Toen hij weg was, gingen de twee mannen aan het werk. Op de tafel stond een doos met Arabische opschriften. Een van de mannen maakte hem open en haalde er een in bubbeltjesplastic gewikkelde metalen bus uit, met een met vloeistof gevulde fles erin. Hij trok de fles uit de bus en hield hem tegen het licht.

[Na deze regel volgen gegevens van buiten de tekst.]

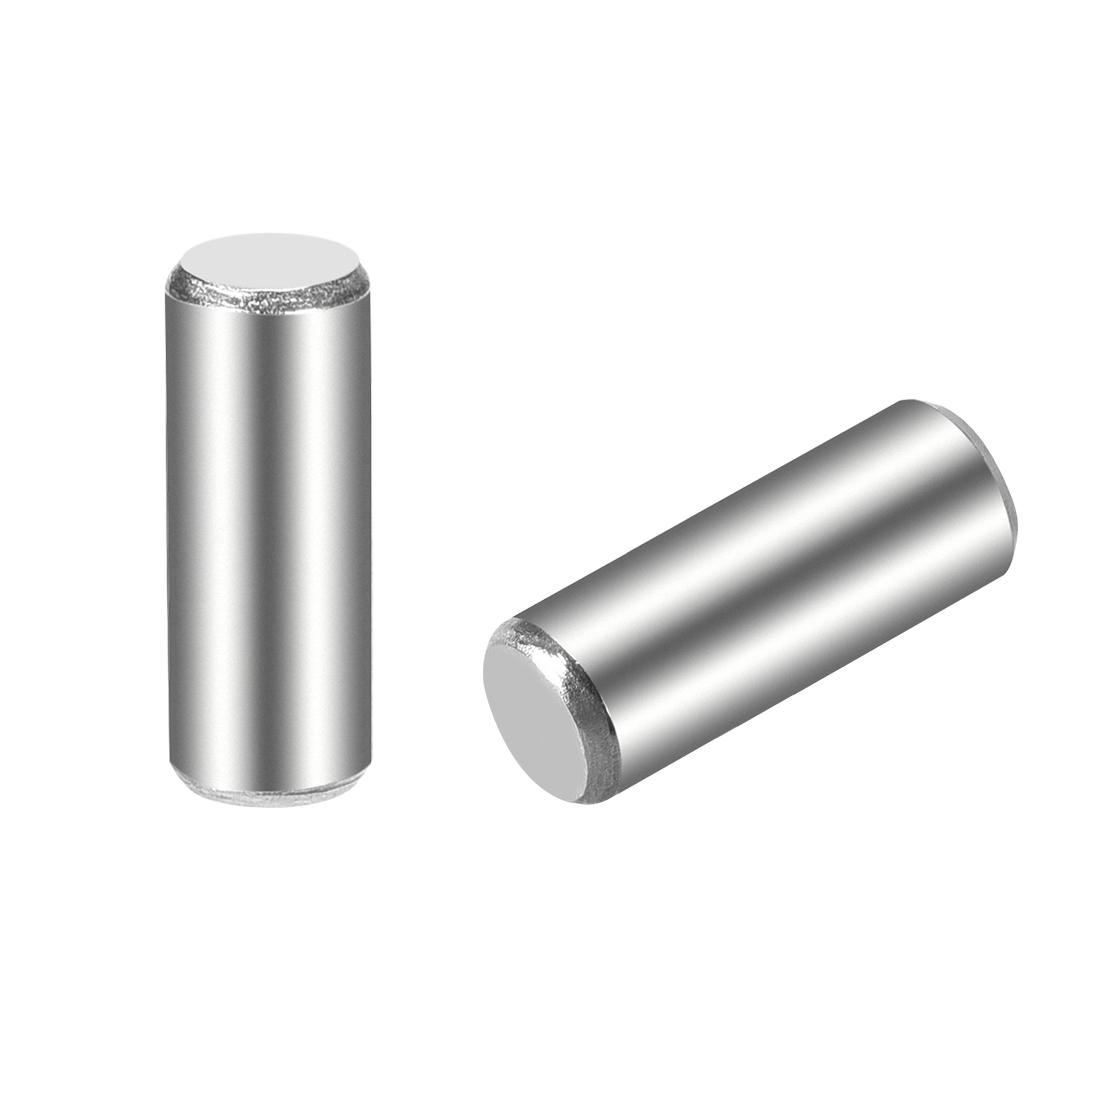 25Pcs 5mm x 14mm Dowel Pin 304 Stainless Steel Shelf Support Pin Fasten
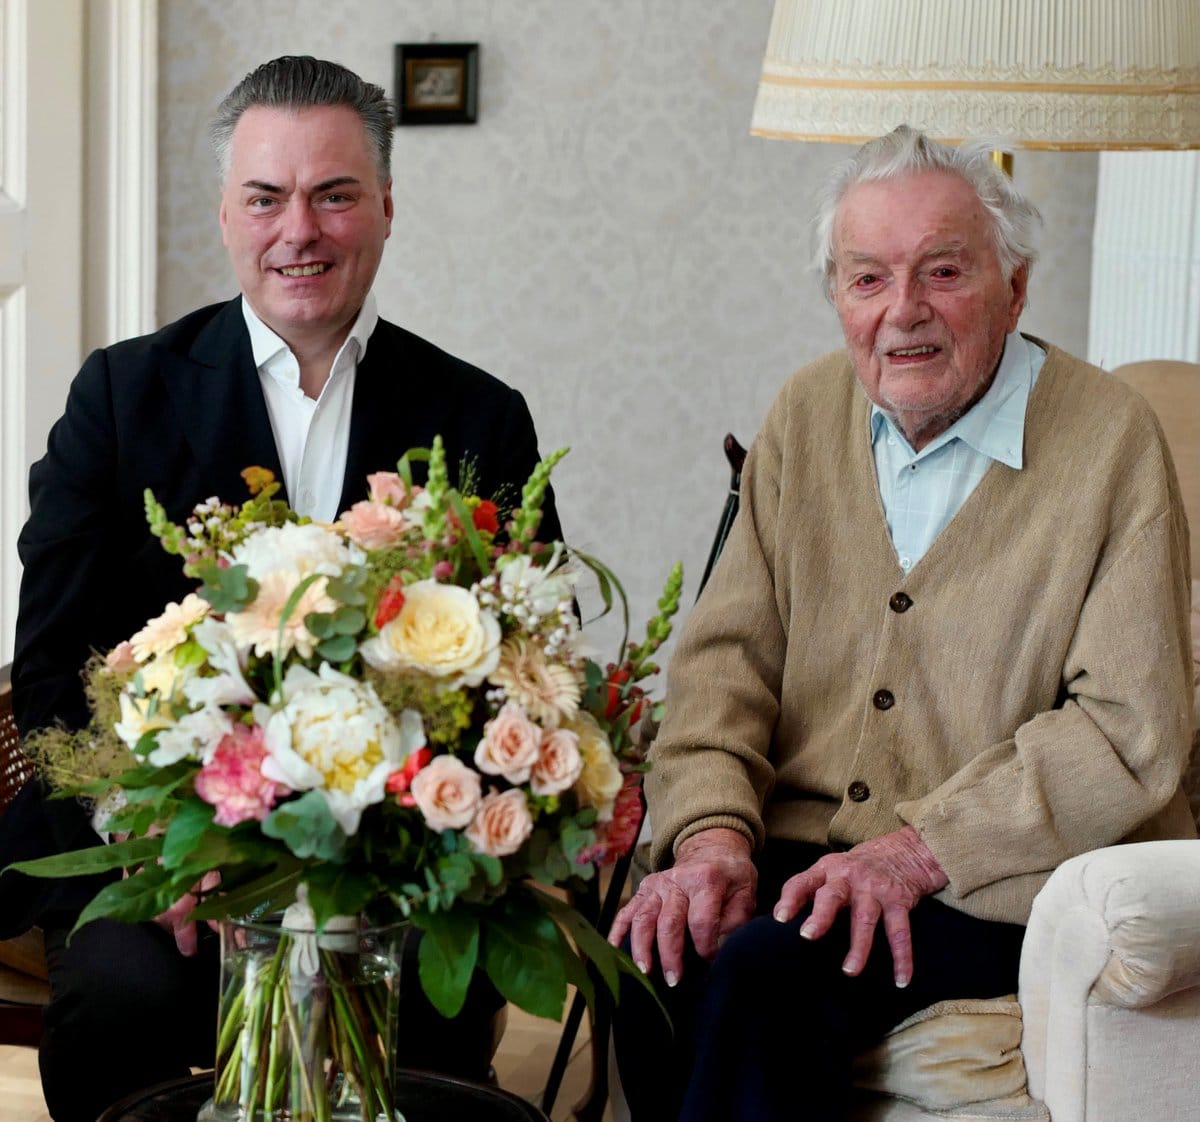 Vienna Philharmonic concertmaster turns 100

Hij wist maar al te goed wat volgens de fbi de drie dodelijkste stoffen ter wereld waren in aflopende volgorde: plutonium, botulisme en ricine. De vloeistof in het glas was bij lange na niet zo gevaarlijk als die drie stoffen. Maar op de juiste manier gebruikt, kon het spul nog steeds erg effectief zijn. In de hand die ze de Nationale Gardist net hadden aangemeten was een zakje ingebouwd. Als er op een in de huid ingebouwd knopje werd gedrukt en er een heel speciale beweging met het polsgewricht werd gemaakt, ging het zakje open, zodat de vloeistof door de kunstmatige poriën op de huid terechtkwam. Meer dan een handdruk zou daar niet voor nodig zijn. De volgende dag zouden de chemicus en de ingenieur naar het terrein gaan waar de ceremonie zou plaatsvinden, en naar een aantal andere plekken hier in dit plaatsje, om daar met een laser nauwkeurige metingen te doen terwijl het leek of ze rustig aan het wandelen waren. Al die gegevens zouden ze invoeren in hun computerprogramma, en daarmee zouden ze dat net zolang verfijnen totdat alle mogelijke fouten geëlimineerd waren. Dit was geen spel van meters en minuten; dit ging om centimeters en seconden. En een spel was het ook al niet.
Terwijl ze druk aan het werk waren, zei de ene man tegen zijn collega: ‘Hij is wel erg verbitterd, hè?’
‘Zou jij dat dan niet zijn?’ zei de ander.